こういうものがふつうに売買されているというのもひとつの問題だ。仮に今目の前にとってもおしゃれな帽子が売ってあって、それが「被ってると頭痛を引き起こし長期間使用すると頭の形が骨ごと不可逆に変形し、また視界を遮り2m先が見えなくなるため、危険な場所では安全確保のために脱ぐ必要のある帽子」だとしたら買うだろうか。いくら安くてもたぶんほとんど買わないと思う。女性用靴の世界ではなぜかそれが罷り通っているのだ。
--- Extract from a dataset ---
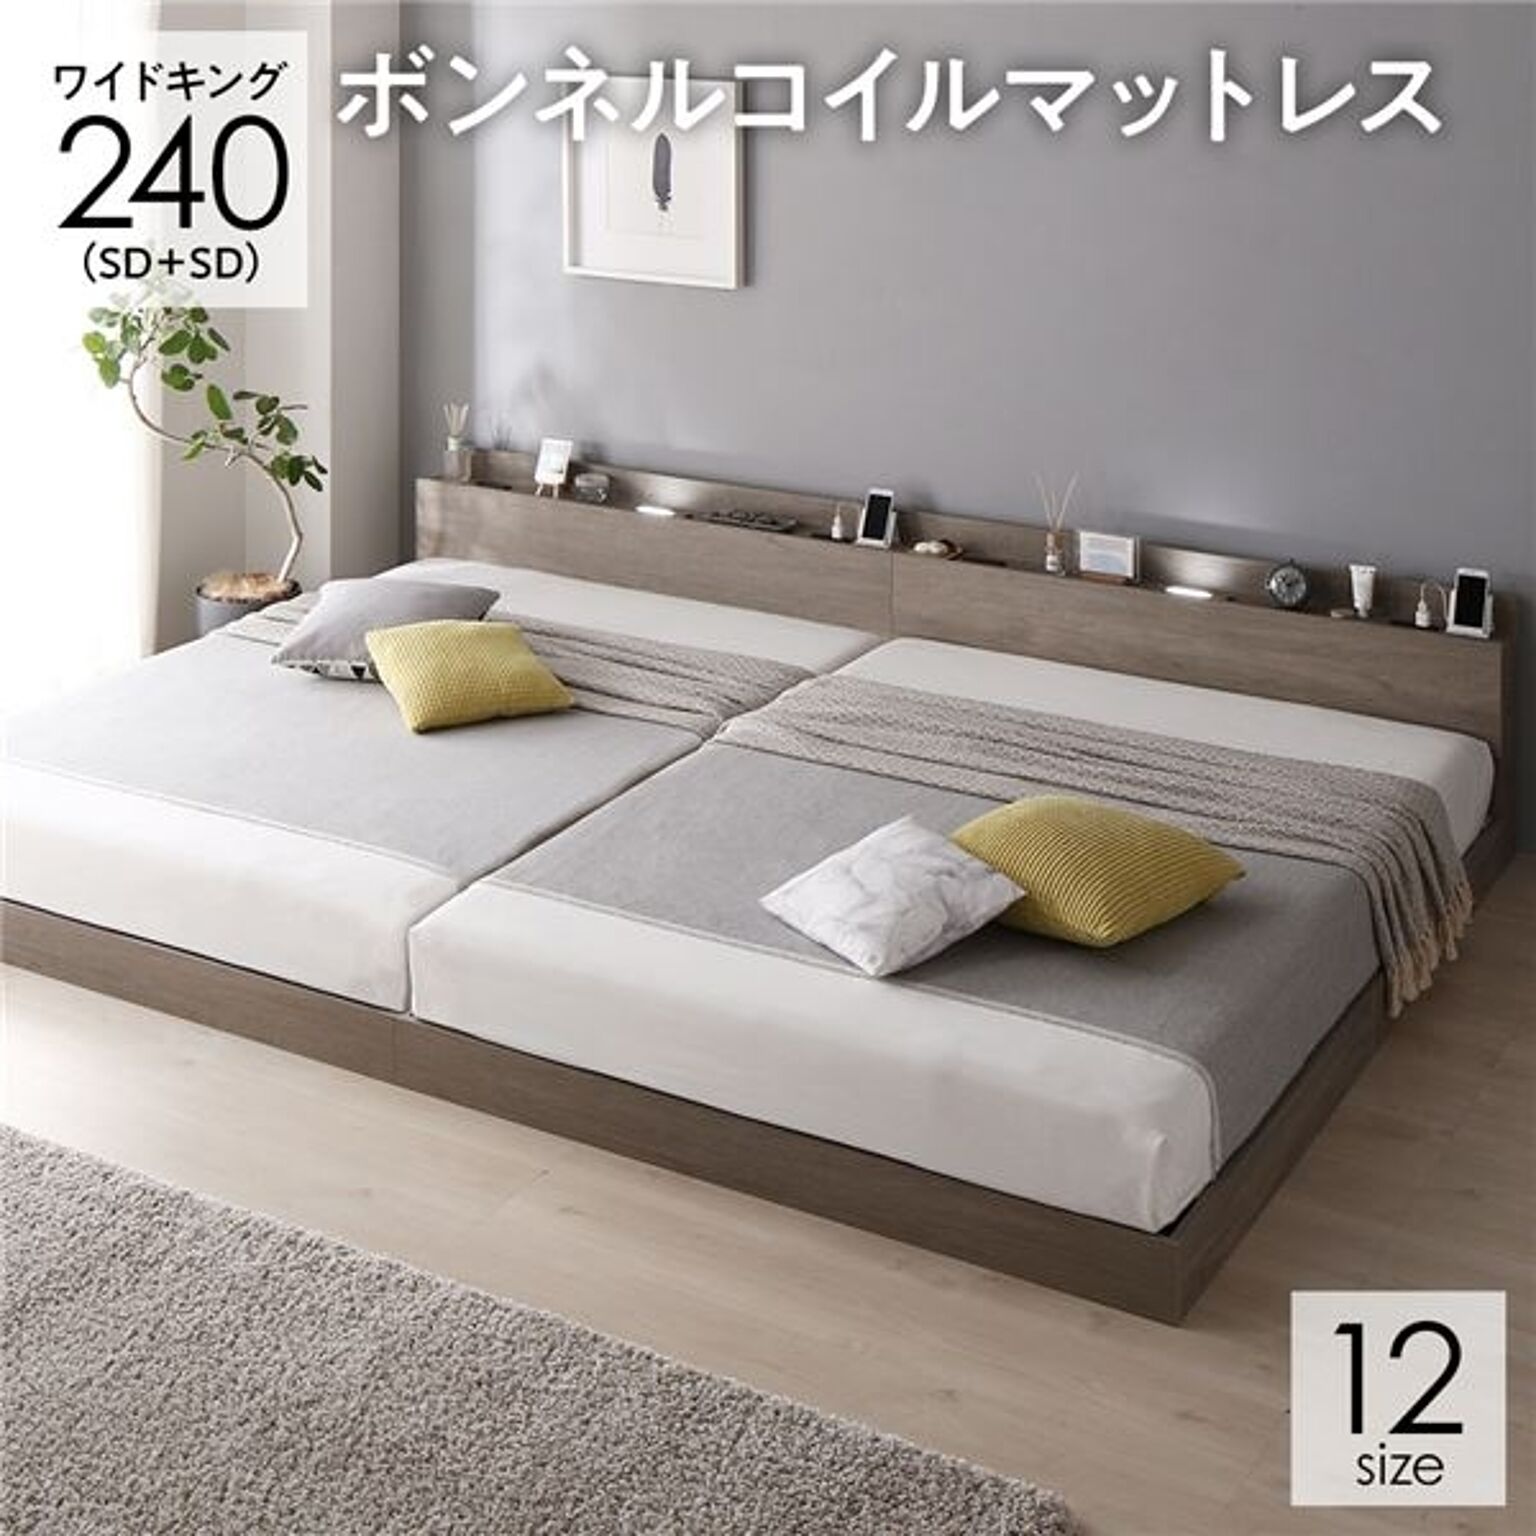 ベッド 連結ベッド ワイドキング 240(SD+SD セミダブル+セミダブル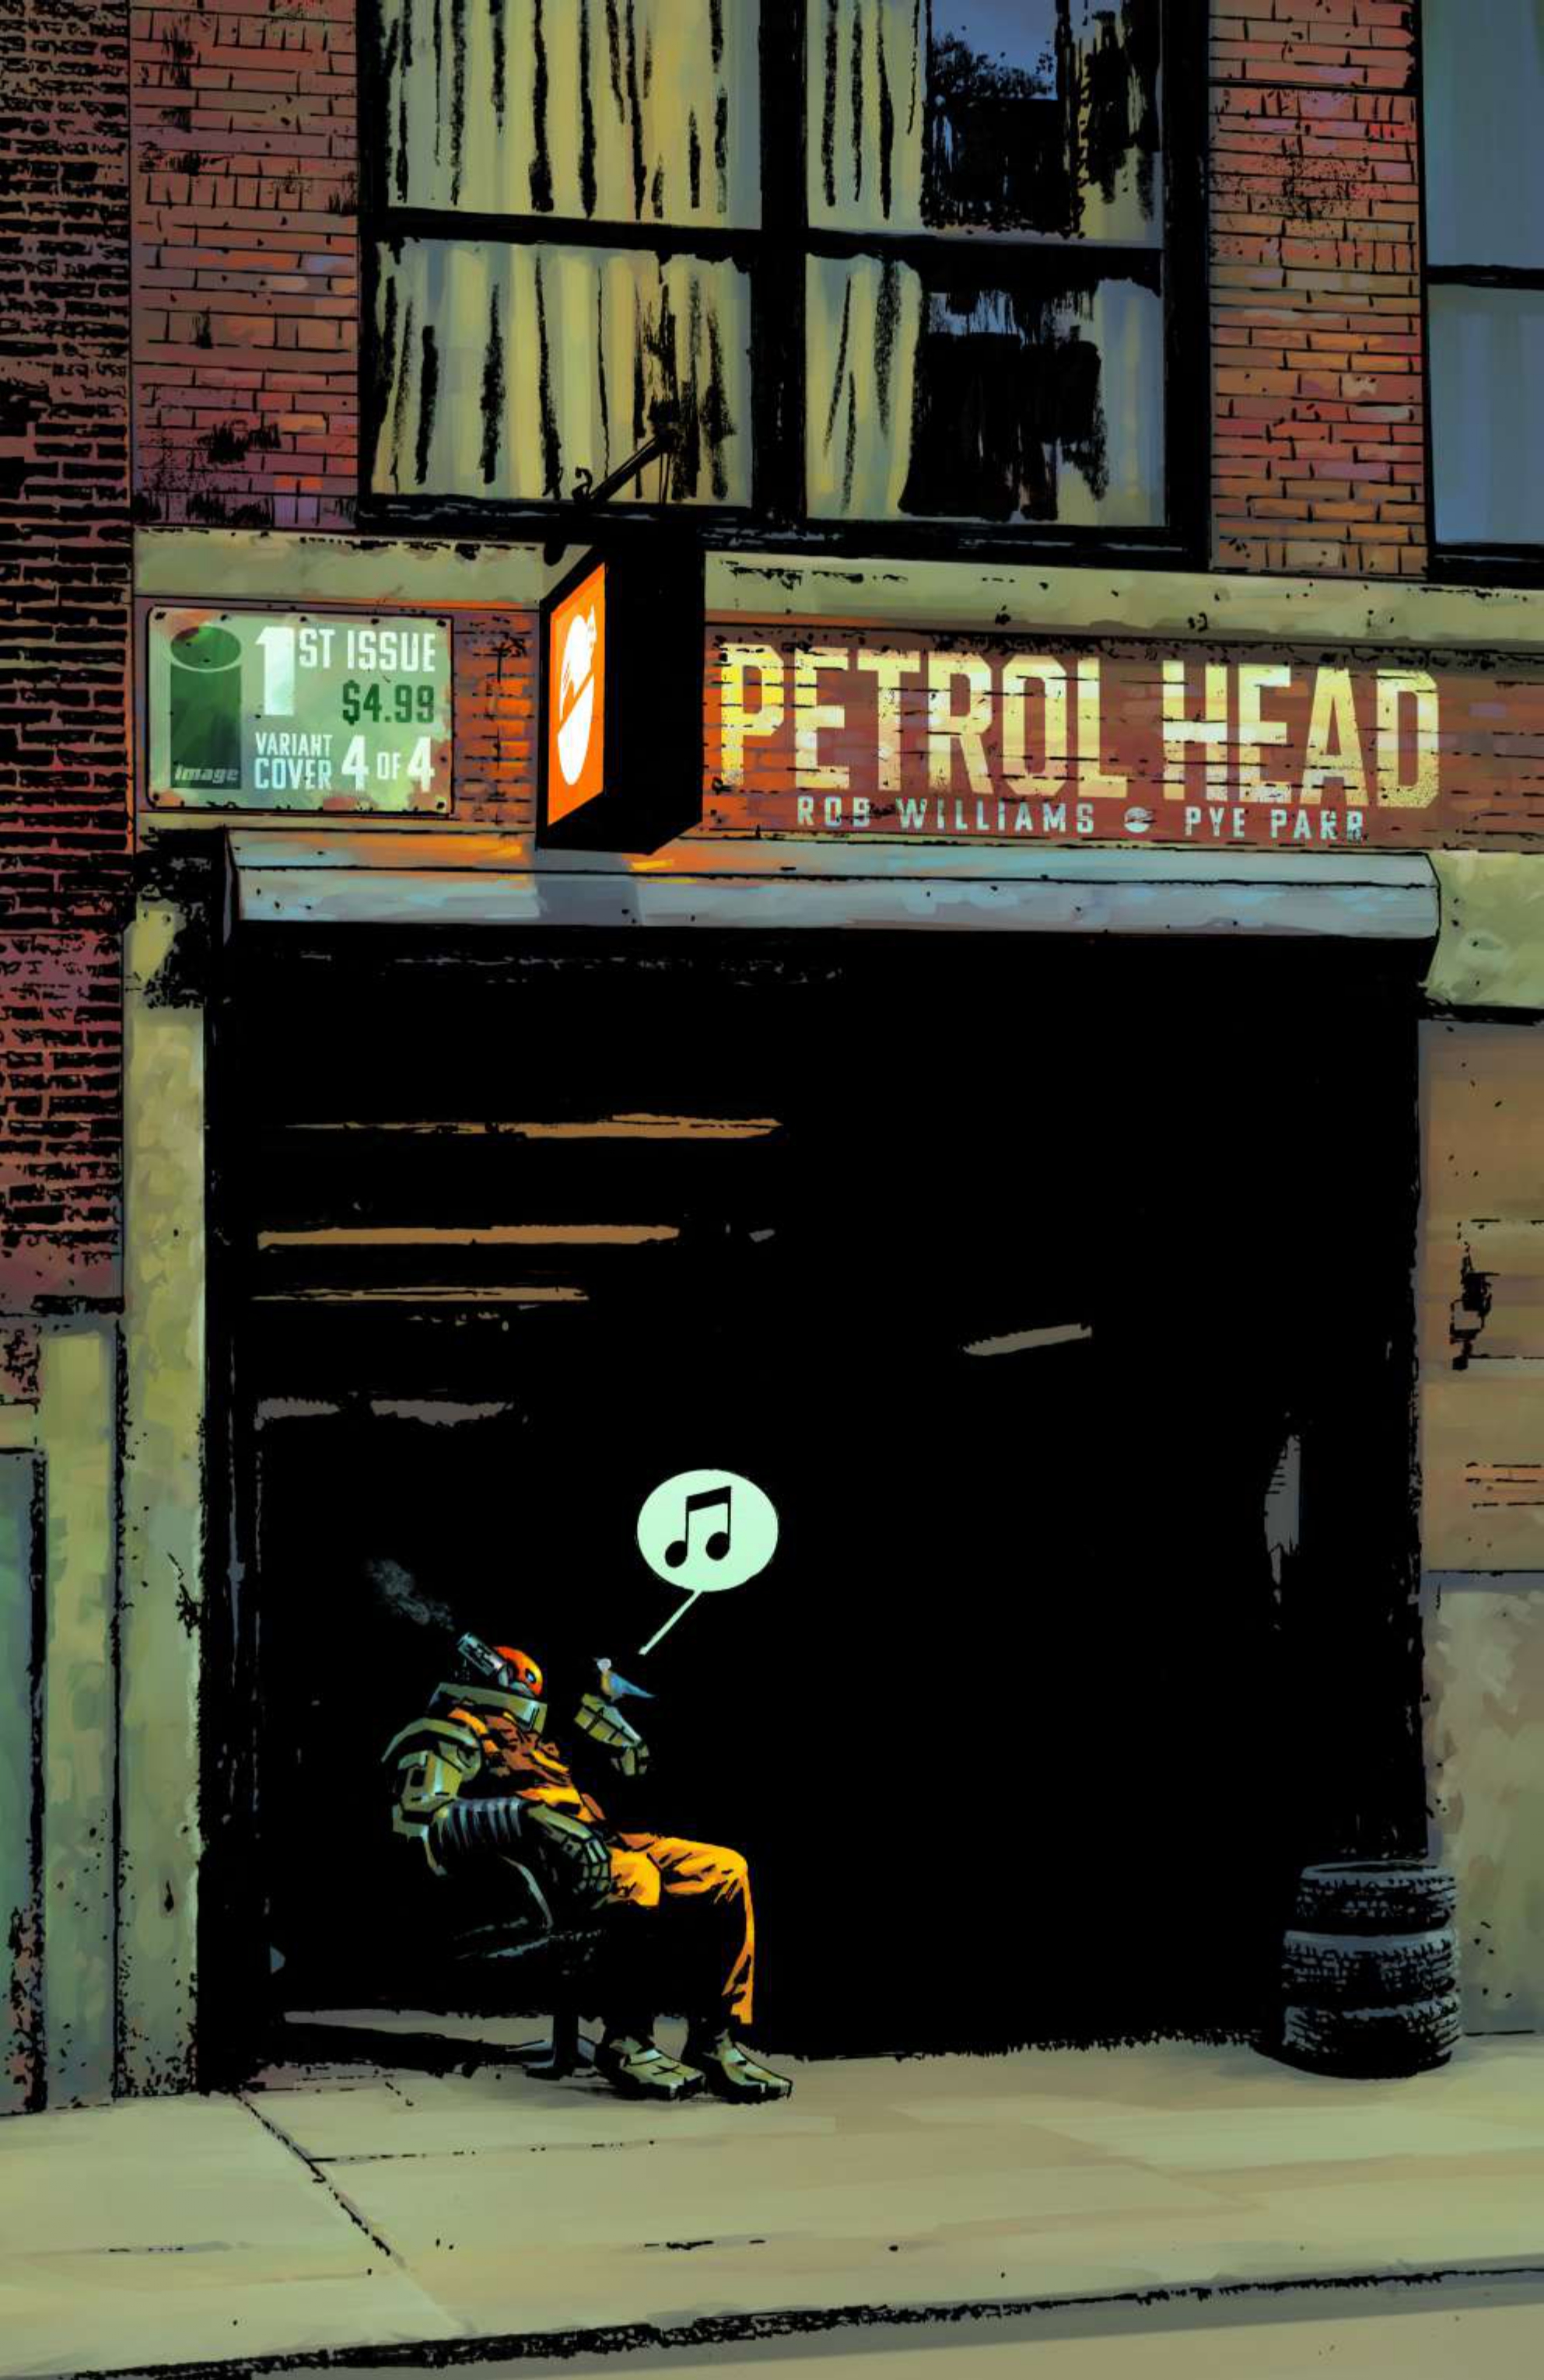 Arte de Petrol Head #1

一時期、#KuToo というタグが話題になっていたようだれど、そもそもをたどれば根源は職場というより、履いてるだけで痛くなるような靴を作って売っている女性用靴界と、それを何の疑問もなく「カワイイ!」と買って「痛いなー」なんていいながら履き続けてる女性たち自身のような気がする。さらには、履いてる人を見て「ヒールを着こなす女性ってカッコいい!」と肯定的に見る価値観そのものではないか。パンプス・ヒールは、女性自身が守っている現代の纏足だ。
なお私はその後自分に合う、「一日中履いても疲れない」をコンセプトにしたパンプスのシリーズを見つけてそれをずっと履いている(おすすめだけど、もちろん買う際は必ず試着をお勧めする)。一度、会社帰りにジョギングする予定なのに朝このパンプスを履いてしまったことがあり、試しにそのまま4km走ってみたけれど全く問題がなかった。そういう靴をみんなで選べば、そういう靴を作って売るメーカーとお店が増えて、無知から外反母趾になった私のような人がずっと減るだろう。
かつて中世ヨーロッパで鉛中毒を引き起こした銀食器が、今では使われなくなったように。100年後には「ねーお母さんガイハンボシって何?おばあちゃんが言ってた」「昔の人は無知で、変な靴で足の骨を傷めてしまうという事故があったのよ。お母さんの頃にはそんな靴も事故もなくなってて、全日本足を守ろう協会(?)も『外反母趾終息宣言』を出したけどね」とかいう会話が行われていることを真面目に祈る。
靴だけでなく、身につけるもの、体の中に入れるものすべて。大切な体の健康を守り高めるものを、私達は選んでいくのだ。